Husband Material (London Calling #2)(47)



“I’m really glad you found somebody,” Miles told me. “I know things got pretty rough for you after we broke up.”

They had, indeed, got pretty rough after we broke up. Or to put it more accurately they’d got fucking hellish after he’d completely betrayed me. But no: calm, centred, rising above. If you looked in the dictionary under over it, you’d have found a picture of me. “Yeah, got to admit I was in a bad place for a few years.”

“But,” Miles went on cheerfully, “it’s great to know we can be friends now.”

Wait. What?

The party was loud, but it felt like everything had come to a crashing halt.

I blinked. Then, when opening my eyes failed to reveal that the last three minutes had just been a dream about unmitigated gall, I blinked again. Since the world was resolutely failing to dissolve into fairy dust and sugar clouds, I figured I was stuck with it.

Reaching out, I patted Miles companionably on the shoulder.

“Let’s be clear,” I told him, trying to match his air of casual mateyness. “I’m glad you’re happy. You and JoJo seem like you’ll be great together. But we are never going to be friends because you will always be the guy who sold me out for the price of a Toyota Supra.”

Then I leaned in, kissed him on his beardy cheek, turned around, and left the wedding.





AS MATURE AND GROWN-UP AND (mostly) over it as I’d been at Miles’s wedding, the drive home was by far the best part of the evening. Now that I was no longer feeling the pressure to be supportive of my dickhead ex and his child bride, I could join in with Oliver in mocking their vows (we get it, you like each other), their choice of venue (we get it, you’re unconventional), and the guest list (we get it, you know a lot of artsy people and rich bastards).

Although that did make me feel a bit bad in retrospect when, two days later, JoJo showed up at my office.

“Chap to see you,” explained Alex. “I mean, I say ‘chap,’ but he is wearing rather a lot of makeup and, well, one’s supposed to be sensitive about these things, isn’t one?”

The list of people it could have been was very short, not that I had any idea what JoJo Ryan was doing at CRAPP. “If it is who I think it is, Alex, then you’re good. He’s a chap.”

“Pleased to hear it. Wouldn’t want to call a chap a chap when a chap was actually a chapess. Fearfully bad form to go around mis-chapping chaps, isn’t it?”

“Oh, fearfully,” I told him and went through to see what the hell was going on.

Unfortunately, Rhys Jones Bowen had got there first.

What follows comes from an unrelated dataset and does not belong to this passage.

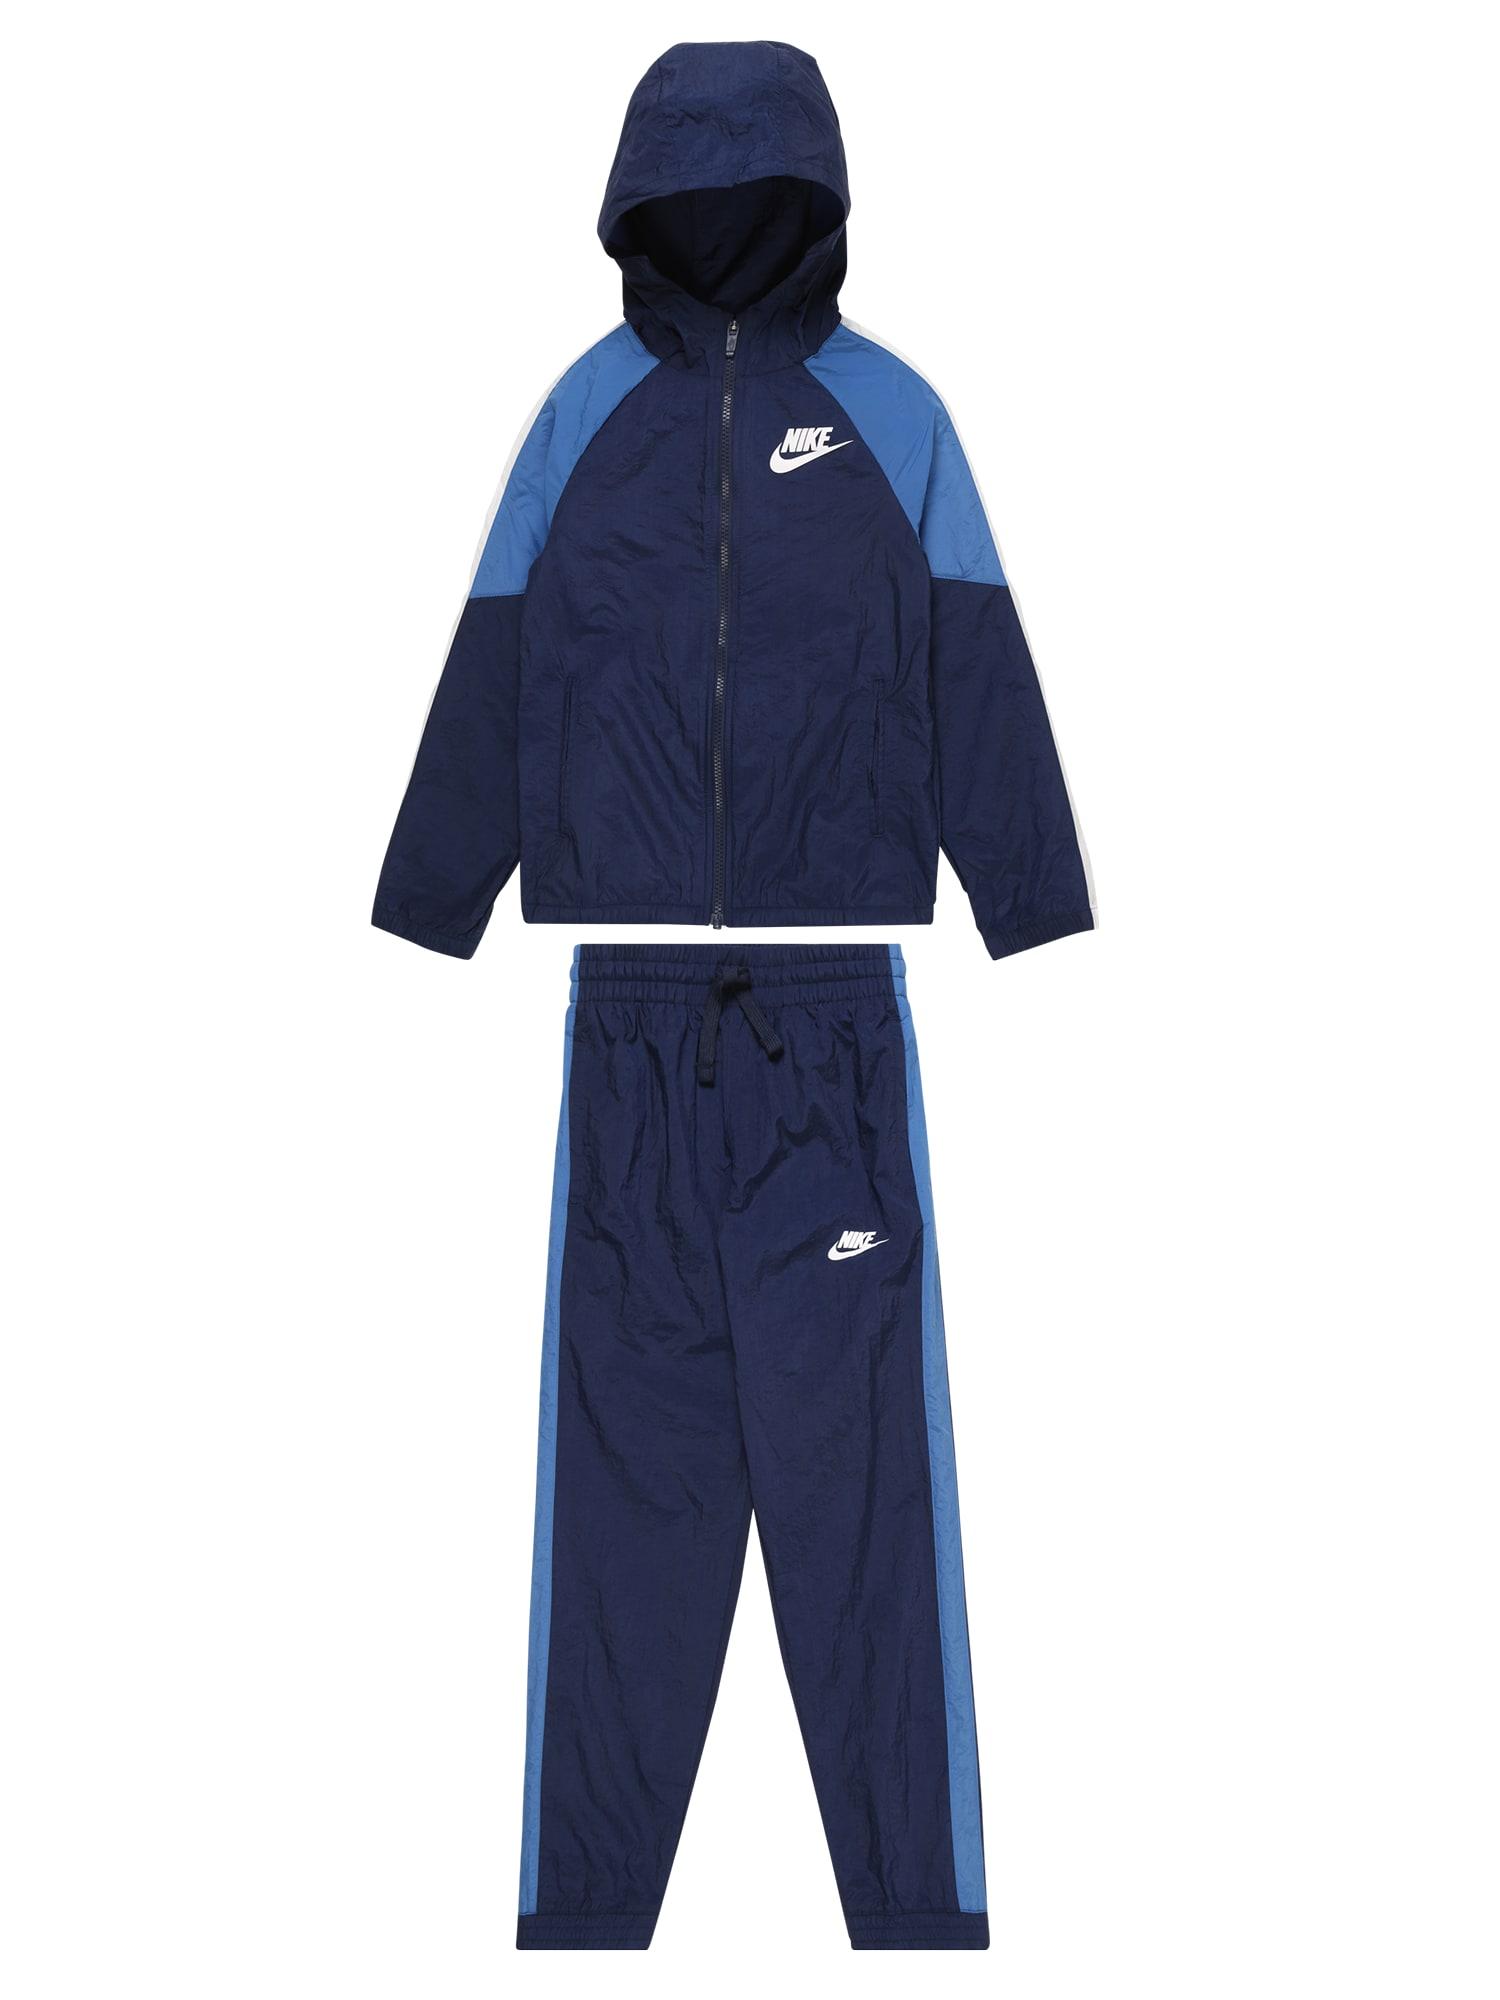 Nike Sportswear Kostiumas šviesiai mėlyna / tamsiai mėlyna
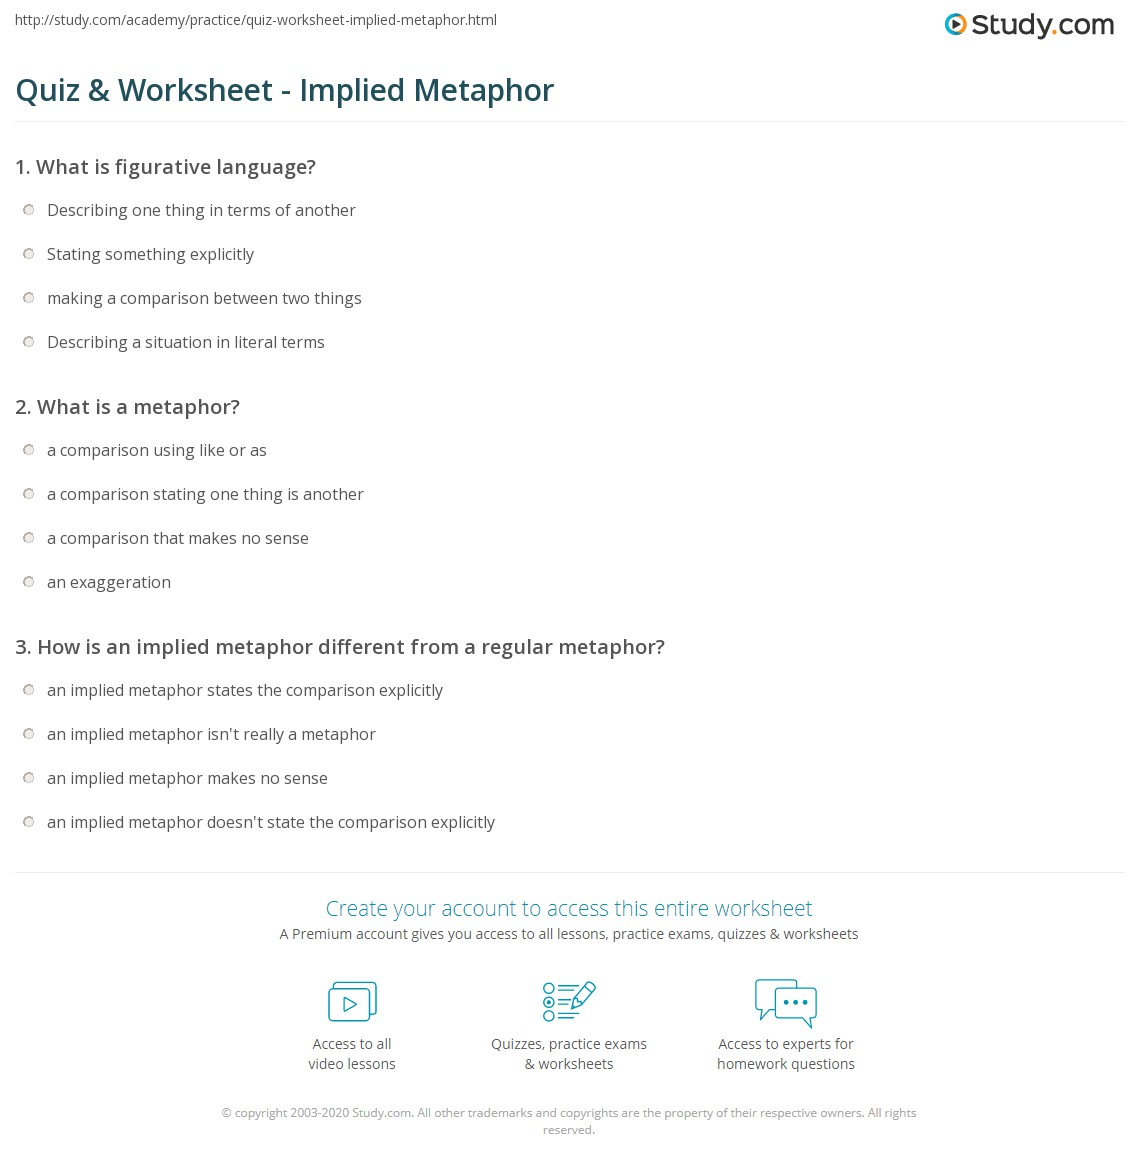 Quiz & Worksheet - Implied Metaphor | Study.com

“Hello,” he was saying, directing his phone at himself and JoJo, “don’t be alarmed, I’m just making some content for our social media. Perhaps you’d like to tell the Rhystocrats who you are and why you’re visiting Cee-Arr-Ay-Pee-Pee today.”

JoJo looked a little perplexed but more patient than I think I would have been under the circumstances. “I’m JoJo Ryan.” He gave a camera-ready smile. “And I’ve come to speak to somebody who works here.”

“I work here,” offered Rhys. “How about speaking to me?”

“No, I mean a specific somebody.”

“Ah, how about me?” asked Alex. “I’m pretty specific.”

I got the slow, creeping sense that this was going to turn into one of those work moments. “Alex, you know he’s here to see me. He already told you.”

“Might have changed his mind,” Alex pointed out. “Fellow can, you know.”

“Alex, you don’t even know who this guy is.”

That made Alex do his indignant face. “Yes I do. He’s JoJo Ryan.”

“Who is?” I prompted.

“Who is here to see somebody who works for CRAPP, and frankly, Luc, I think it’s very selfish of you to want to keep our visitor all to yourself.”

Rhys looked around from his phone. Apparently, the chat had been updating him. “According to the Rhysocrats, JoJo Ryan is some kind of You Tuber.” Grinning, he extended a hand. “Lovely to meet you, JoJo. Always nice to meet a fellow influencer.”

I sighed. “You’re not an influencer, Rhys.”

“Excuse me, I have nine hundred and seventy-four followers.”

He paused. “Well, nine hundred and seventy-two, really, because one of them is my auntie Margery and another is my auntie Margery’s python.”

I wasn’t going to ask. I wasn’t going to ask. I wasn’t going to ask.

“Why does your auntie Margery have a python, and why does it follow you on YouTube?”

“She’s got a python,” said Rhys, and I instantly regretted my lack of self-control, “because she’s allergic to cats and because she got used to snakes when she was an exotic dancer. And he follows me on You Tube because Auntie Margery thinks he finds my voice calming.”

There was so much to process there. “Your aunt was an exotic dancer?”

“Oh yes. Very tasteful, minimal nudity.”

I wasn’t going to ask. I wasn’t going to ask. I wasn’t going to ask.

“What does minimal nudity look like?”

“Honestly, Luc.” Rhys gave me a look of admonition. “Asking a man what his aunt looks like naked is low even for you.”